Posted to commits@linkis.apache.org by ra...@apache.org on 2023/03/08 06:41:57 UTC
[linkis] branch dev-1.4.0 updated: [feat]Support spark3.3+ and spark2.2- compile (#4301)
This is an automated email from the ASF dual-hosted git repository.
rarexixi pushed a commit to branch dev-1.4.0
in repository https://gitbox.apache.org/repos/asf/linkis.git
The following commit(s) were added to refs/heads/dev-1.4.0 by this push:
new 2c5abd7a0 [feat]Support spark3.3+ and spark2.2- compile (#4301)
2c5abd7a0 is described below
commit 2c5abd7a0504db7b2ef5c34a2e43257c66d783c0
Author: GuoPhilipse <46...@users.noreply.github.com>
AuthorDate: Wed Mar 8 14:41:49 2023 +0800
[feat]Support spark3.3+ and spark2.2- compile (#4301)
* Support spark3.3+ and spark2.2- compile
* fix unknown dependency
* improve code
* remove unused dependency
* remove unused dependency for hive sink
---------
Co-authored-by: gf13871 <gf...@ly.com>
---
linkis-engineconn-plugins/spark/pom.xml | 10 ++++++++++
.../engineplugin/spark/datacalc/sink/HiveSink.scala | 16 ++++++++--------
.../engineplugin/spark/datacalc/sink/JdbcSink.scala | 16 ++++++++++++----
tool/dependencies/known-dependencies.txt | 1 +
4 files changed, 31 insertions(+), 12 deletions(-)

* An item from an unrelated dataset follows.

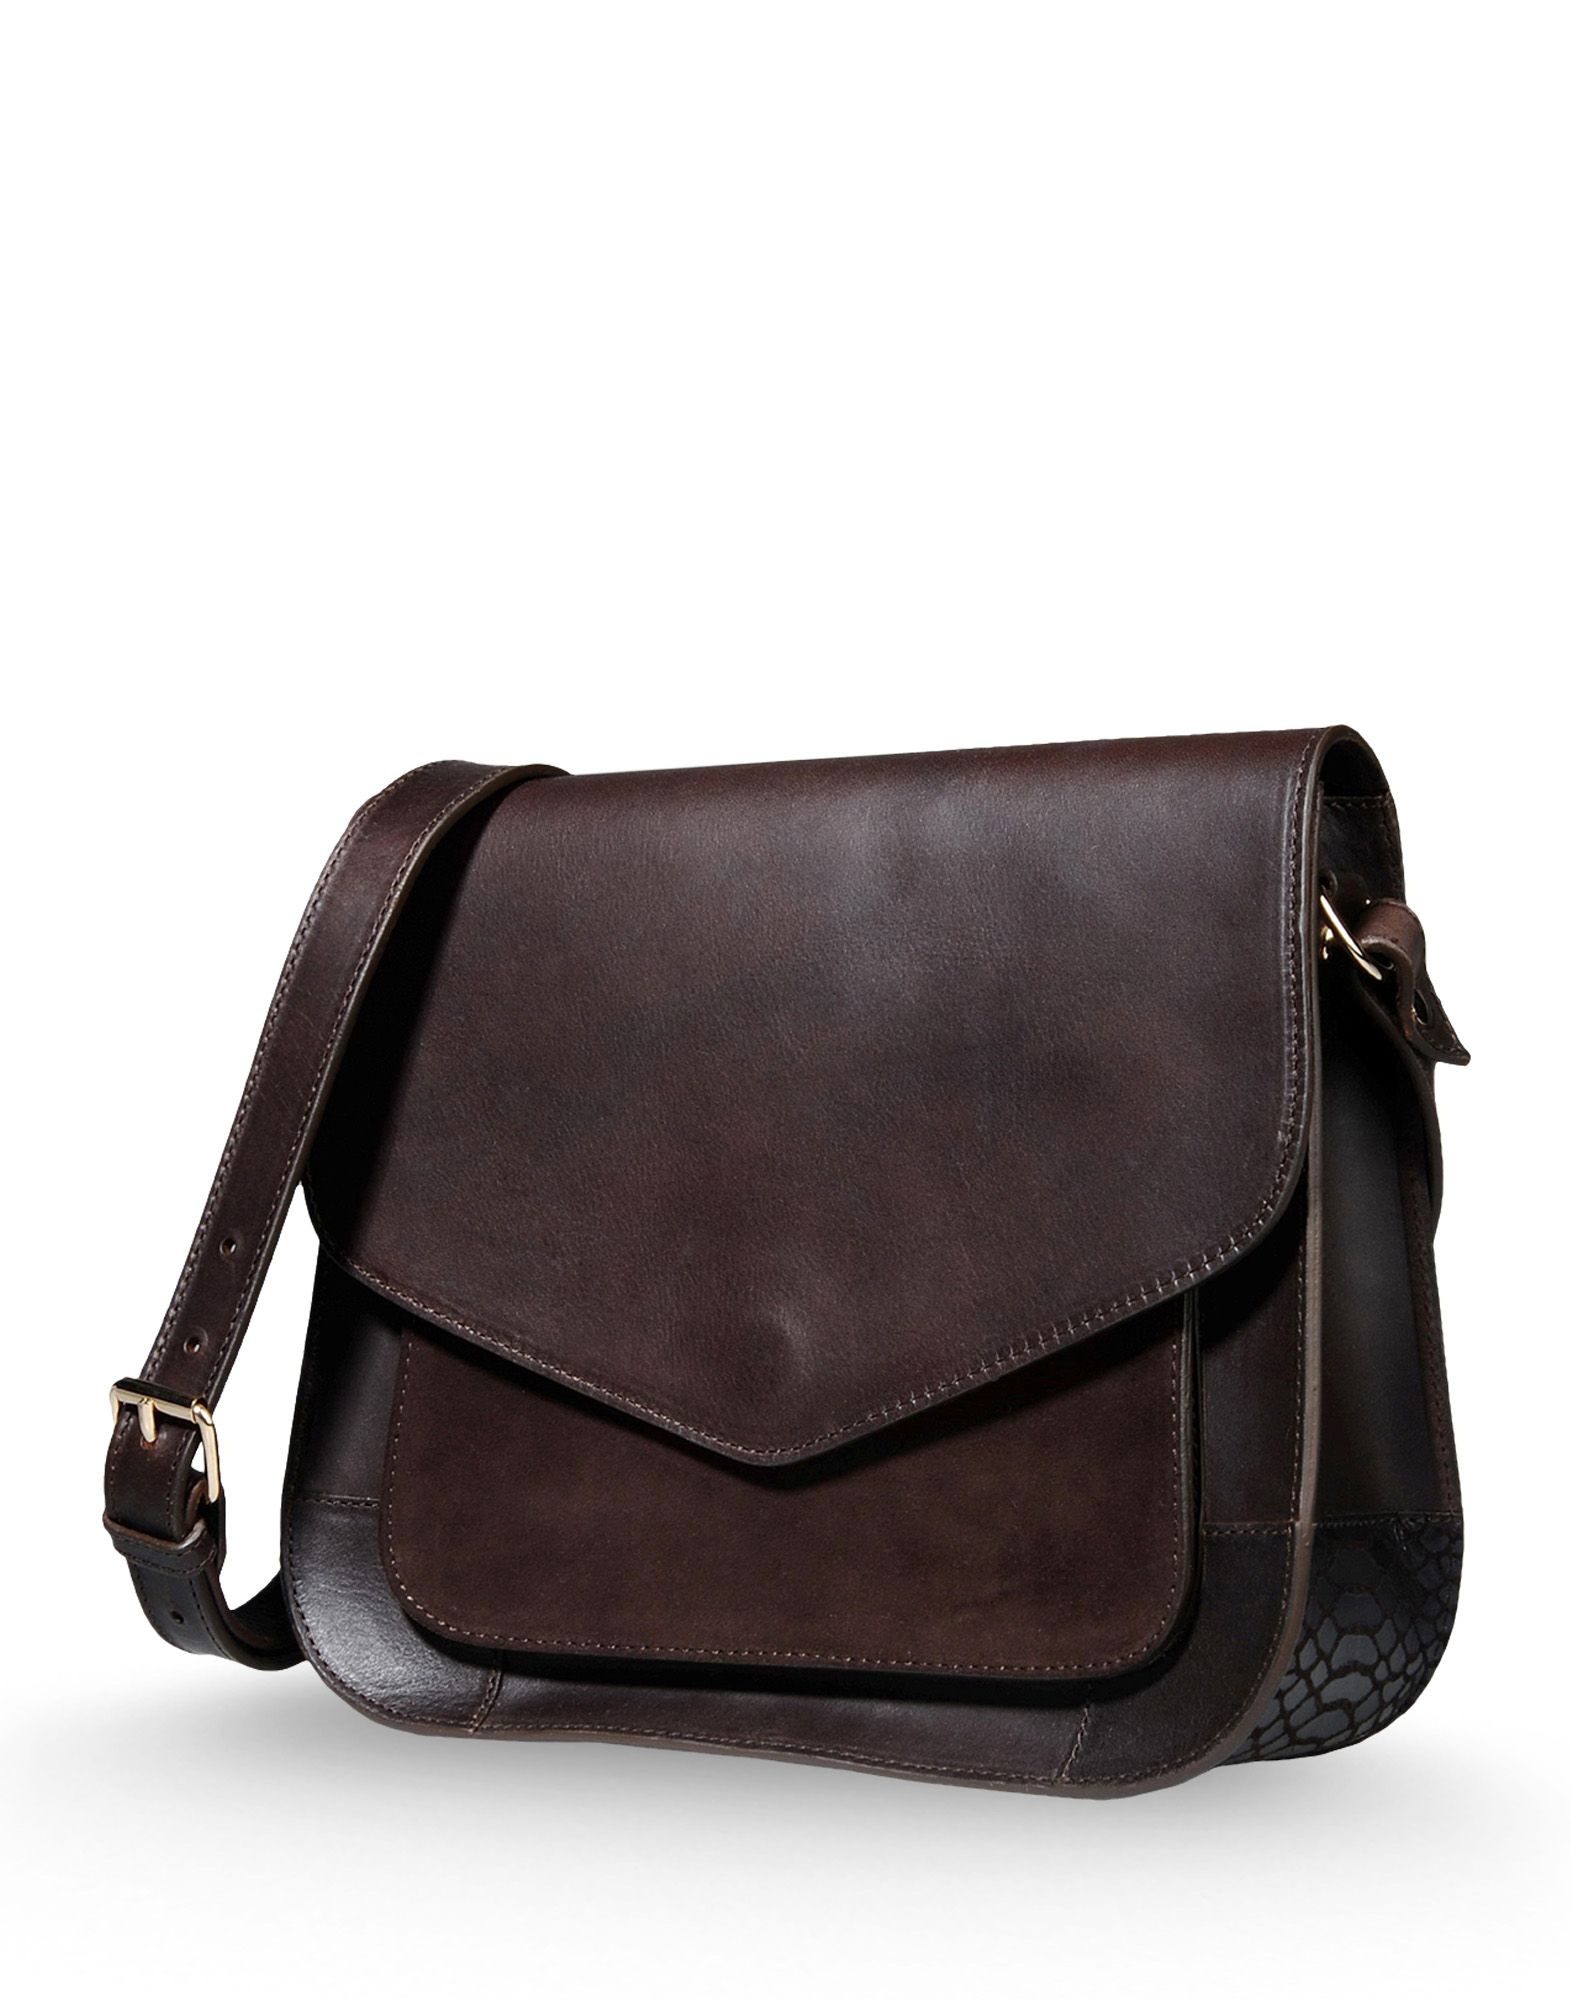 A.p.c. Medium Leather Bag in Brown (Dark brown) | Lyst

diff --git a/linkis-engineconn-plugins/spark/pom.xml b/linkis-engineconn-plugins/spark/pom.xml
index c7993b28d..a5e7523d0 100644
--- a/linkis-engineconn-plugins/spark/pom.xml
+++ b/linkis-engineconn-plugins/spark/pom.xml
@@ -180,12 +180,22 @@
<artifactId>linkis-rpc</artifactId>
<version>${project.version}</version>
</dependency>
+ <dependency>
+ <groupId>net.sf.py4j</groupId>
+ <artifactId>py4j</artifactId>
+ <version>0.10.7</version>
+ <scope>provided</scope>
+ </dependency>
<dependency>
<groupId>org.apache.spark</groupId>
<artifactId>spark-core_${scala.binary.version}</artifactId>
<version>${spark.version}</version>
<scope>provided</scope>
<exclusions>
+ <exclusion>
+ <groupId>net.sf.py4j</groupId>
+ <artifactId>py4j</artifactId>
+ </exclusion>
<exclusion>
<groupId>org.apache.hadoop</groupId>
<artifactId>hadoop-common</artifactId>
diff --git a/linkis-engineconn-plugins/spark/src/main/scala/org/apache/linkis/engineplugin/spark/datacalc/sink/HiveSink.scala b/linkis-engineconn-plugins/spark/src/main/scala/org/apache/linkis/engineplugin/spark/datacalc/sink/HiveSink.scala
index 8ba618776..1a81d6537 100644
--- a/linkis-engineconn-plugins/spark/src/main/scala/org/apache/linkis/engineplugin/spark/datacalc/sink/HiveSink.scala
+++ b/linkis-engineconn-plugins/spark/src/main/scala/org/apache/linkis/engineplugin/spark/datacalc/sink/HiveSink.scala
@@ -24,14 +24,11 @@ import org.apache.linkis.engineplugin.spark.errorcode.SparkErrorCodeSummary
import org.apache.commons.lang3.StringUtils
import org.apache.spark.sql._
-import org.apache.spark.sql.catalyst.catalog.HiveTableRelation
import org.apache.spark.sql.execution.datasources.{HadoopFsRelation, LogicalRelation}
import org.apache.spark.sql.functions.col
import org.apache.spark.sql.sources.DataSourceRegister
import org.apache.spark.sql.types.StructField
-import org.slf4j.{Logger, LoggerFactory}
-
class HiveSink extends DataCalcSink[HiveSinkConfig] with Logging {
def output(spark: SparkSession, ds: Dataset[Row]): Unit = {
@@ -122,7 +119,9 @@ class HiveSink extends DataCalcSink[HiveSinkConfig] with Logging {
logFields(sourceFields, targetFields)
throw new HiveSinkException(
SparkErrorCodeSummary.DATA_CALC_COLUMN_NUM_NOT_MATCH.getErrorCode,
- s"$targetTable requires that the data to be inserted have the same number of columns as the target table: target table has ${targetFields.length} column(s) but the inserted data has ${sourceFields.length} column(s)"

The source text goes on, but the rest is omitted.